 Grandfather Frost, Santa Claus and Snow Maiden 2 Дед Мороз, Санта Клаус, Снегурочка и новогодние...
* * *
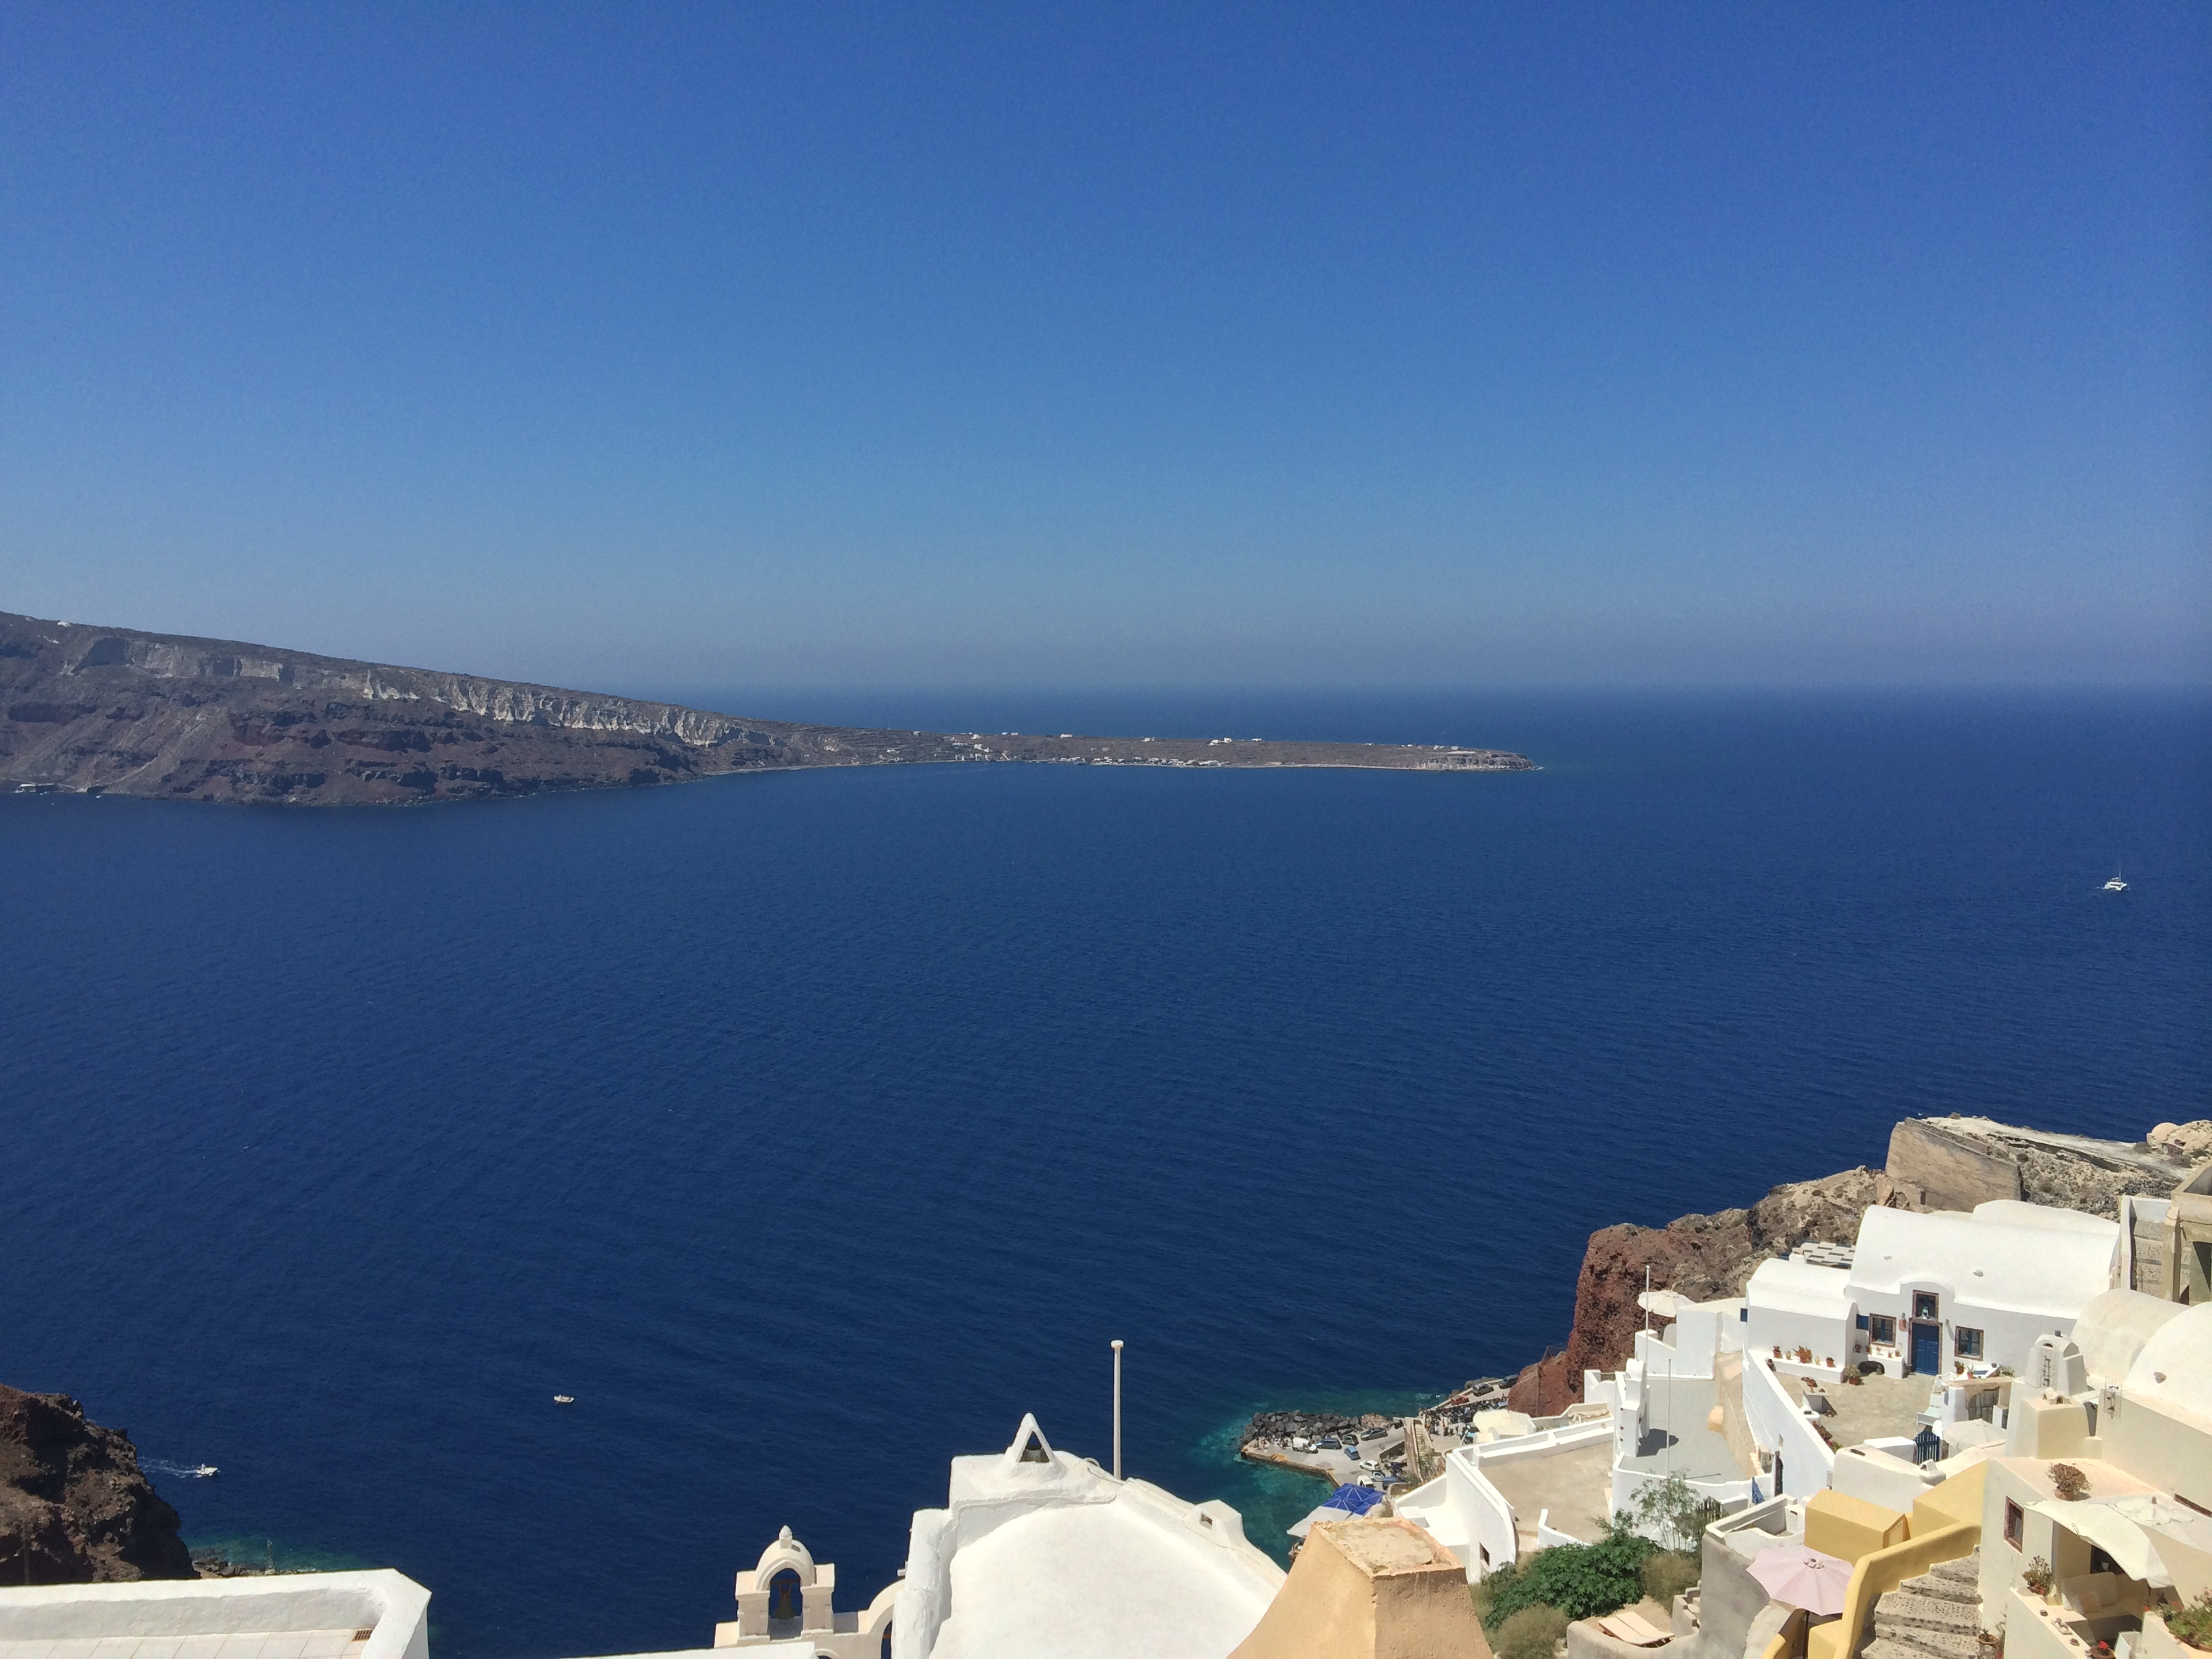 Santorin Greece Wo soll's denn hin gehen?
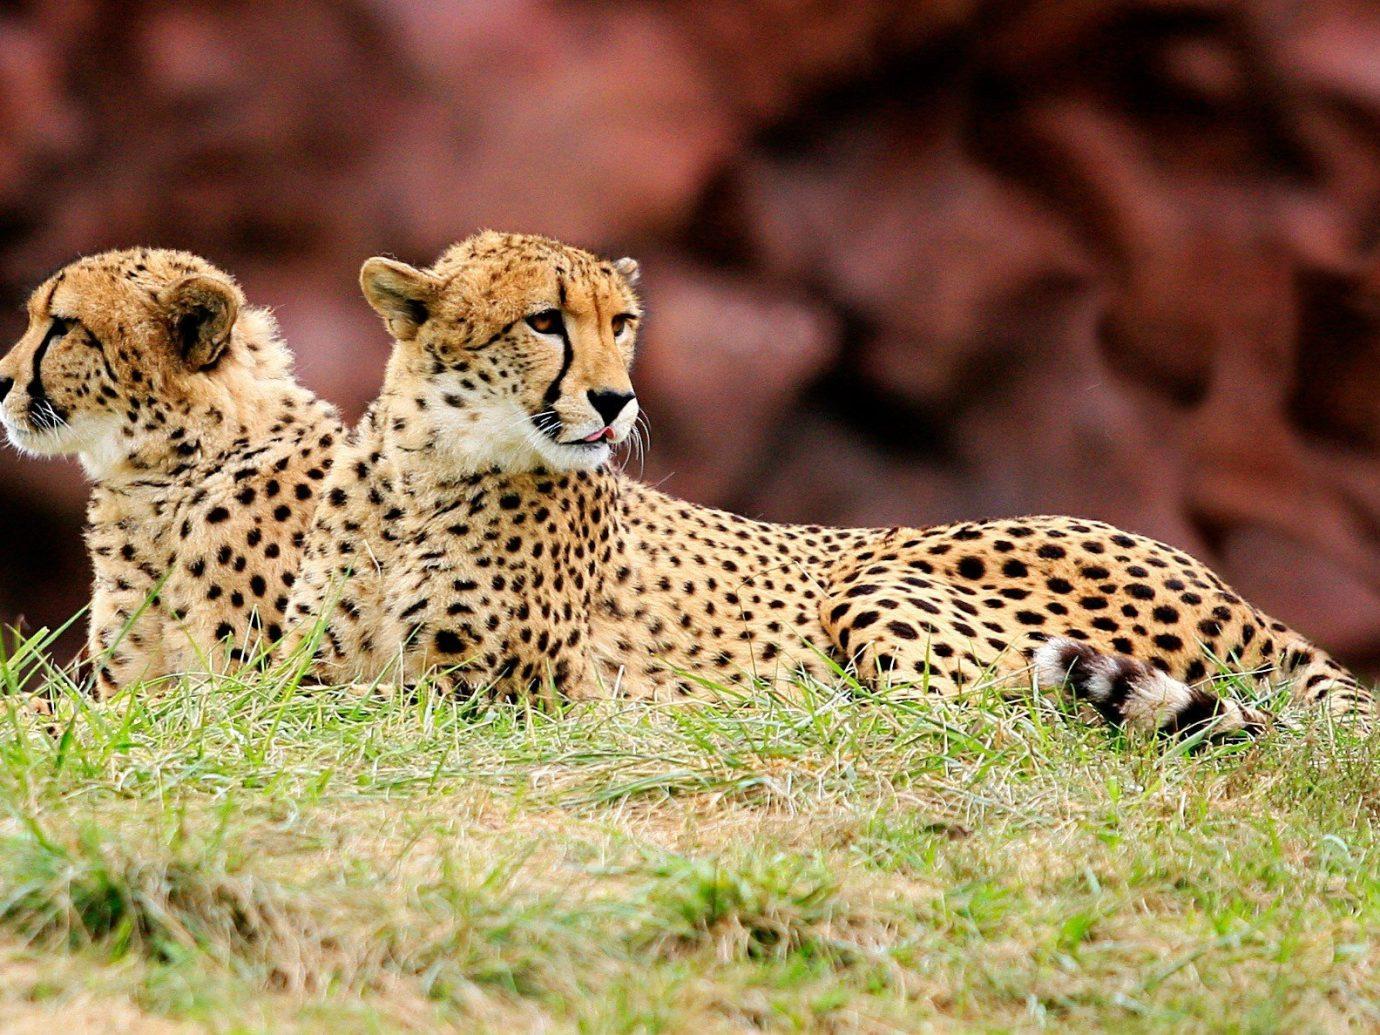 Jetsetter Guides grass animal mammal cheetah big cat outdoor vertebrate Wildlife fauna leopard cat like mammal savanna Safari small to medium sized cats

**Problem description**
Go back to the listing above and write out the lines starting at the one with "Santorin Greece Wo soll's denn hin gehen?" and ending at the one with "Jetsetter Guides grass", inclusive, exactly and without pictures.

**Task answer**
 Santorin Greece Wo soll's denn hin gehen?
 Jetsetter Guides grass animal mammal cheetah big cat outdoor vertebrate Wildlife fauna leopard cat like mammal savanna Safari small to medium sized cats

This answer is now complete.